A citizen for 30 years before his death in 1986, his many honors included an American Award from the Daughters of the American Revolution. “An April 1947 intelligence report on Strughold states: ‘[H]is successful career under Hitler would seem to indicate that he must be in full accord with Nazism.’ However, Strughold’s colleagues in Germany and those with whom he had worked briefly in the United States on fellowships described him as politically indifferent or anti-Nazi. “In his application to reside in this country, he declared: ‘Further, the United States is the only country of liberty which is able to maintain this liberty and the thousand-year-old culture and western civilization, and it is my intention to support the United States in this task, which is in danger now, with all my scientific abilities and experience.’ “
In a 1952 civil service form, Strughold was asked if he had ever been a member of a fascist organization. His answer: ‘Not in my opinion.’ His references therein included the Surgeon General of the Air Force, the director of research at the Lovelace Foundation in New Mexico, and a colleague from the Mayo Clinic. In September 1948, Strughold was granted a security clearance from the Joint Intelligence Objectives Agency director, Captain Wev, who in the previous March had written to the Department of State protesting the difficulty of completing immigration procedures for Paperclip recruits.”

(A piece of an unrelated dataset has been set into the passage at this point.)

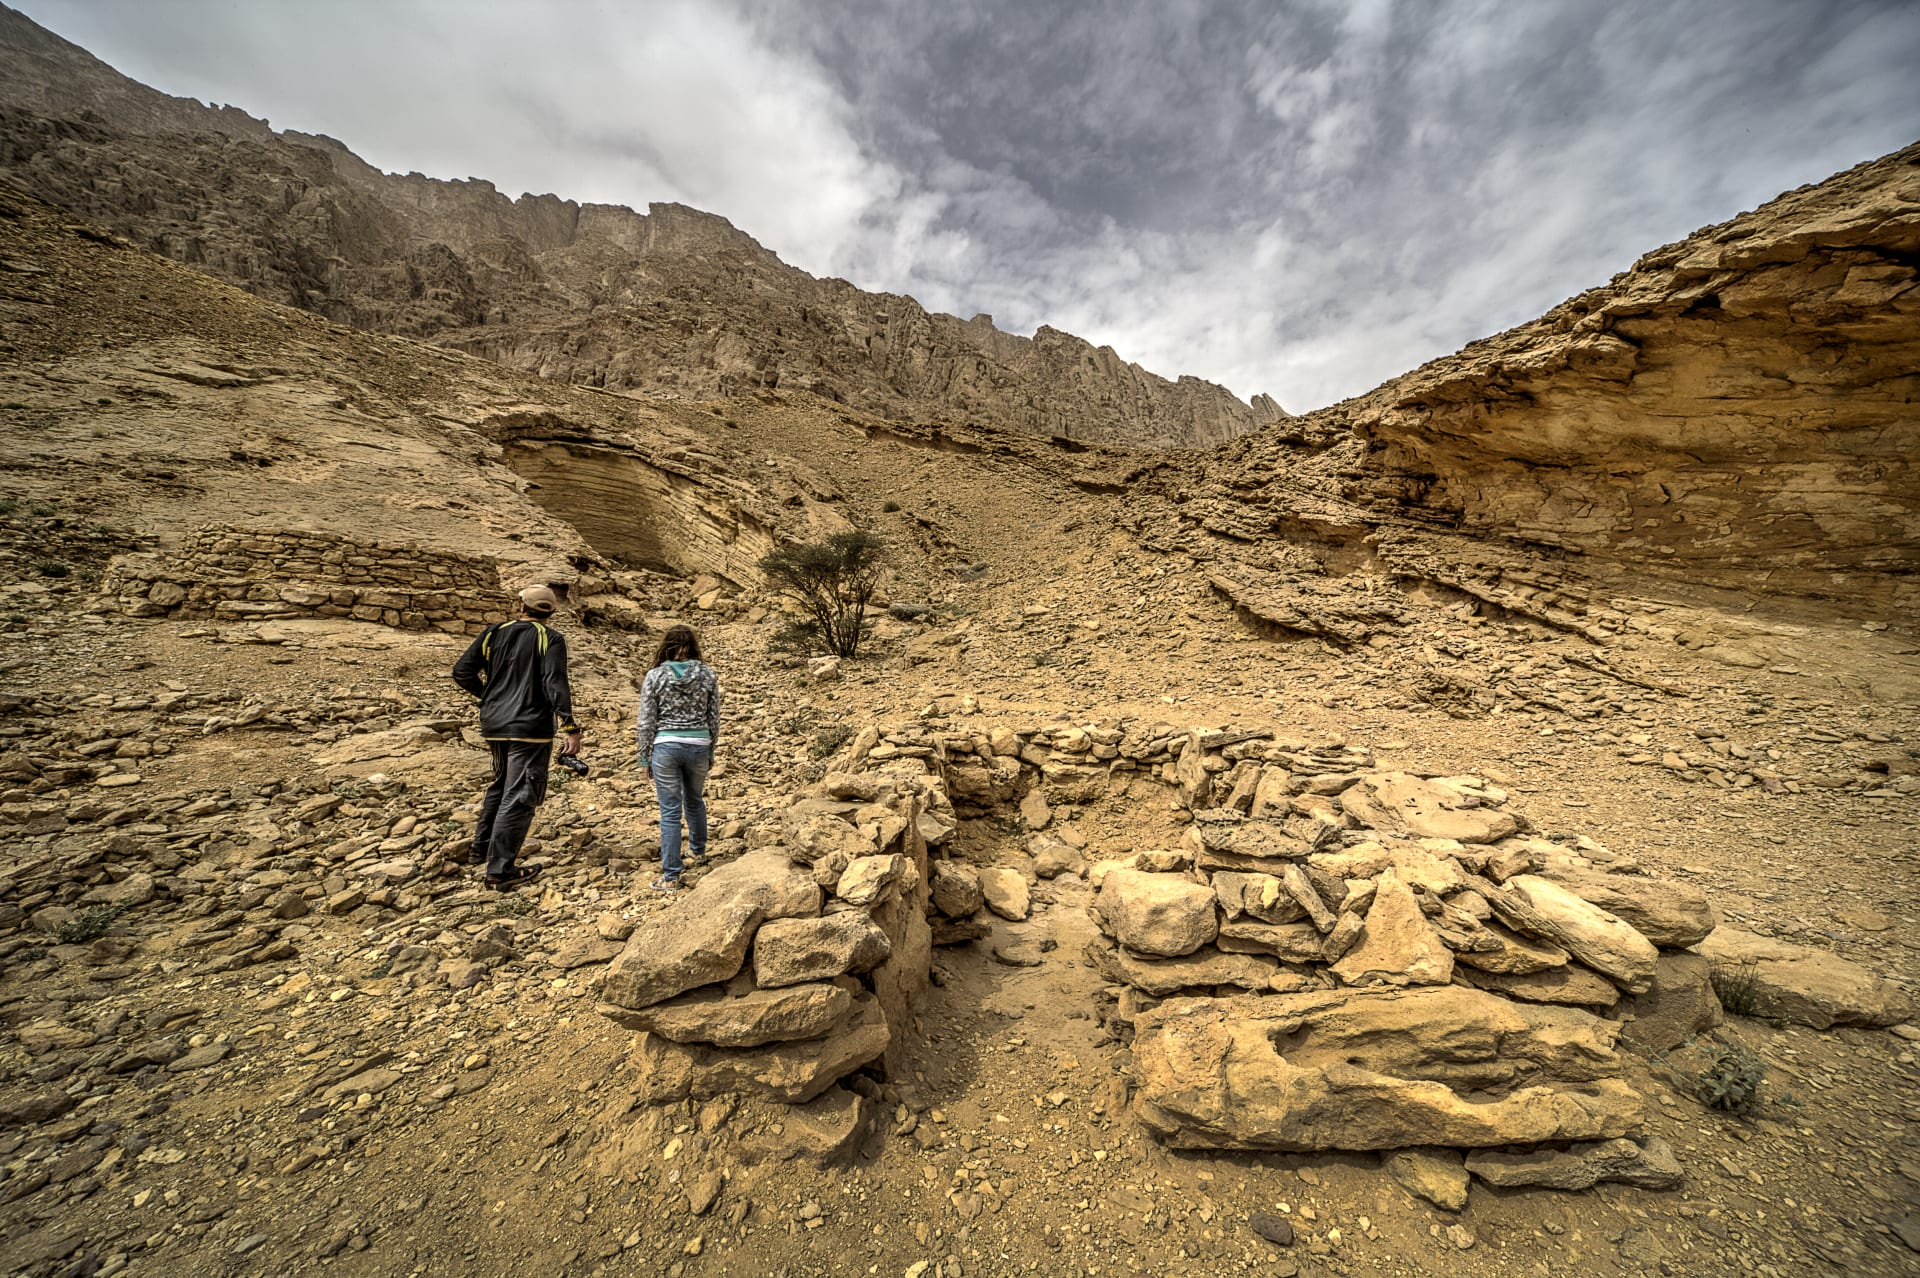 """مصور يستكشف هياكل صخرية تشبه""""خلايا النحل"""" في الإمارات"""

The second character of controversy was one who, incredibly, rose to a position of major significance within NASA. Wernher von Braun was born in Wirsitz, Germany, on March 23, 1912, and earned his bachelor’s degree at the age of twenty from the University of Berlin, where he also received his doctorate in physics in 1934. Between 1932 and 1937, von Braun was employed by the German Ordnance Department and became technical director of the Peenemuende Rocket Center in 1937, where the V-2 rocket was developed.
Von Braun came to the United States in September 1945 under contract with the Army Ordnance Corps as part of Operation Paperclip and worked on high-altitude firings of captured V-2 rockets at the White Sands Proving Ground until he became project director of the Ordnance Research and Development Division Sub-Office at Fort Bliss, Texas. On October 28, 1949, the secretary of the Army approved the transfer of the Fort Bliss group to Redstone Arsenal, and after his arrival in Huntsville in April 1950, von Braun was appointed director of development operations.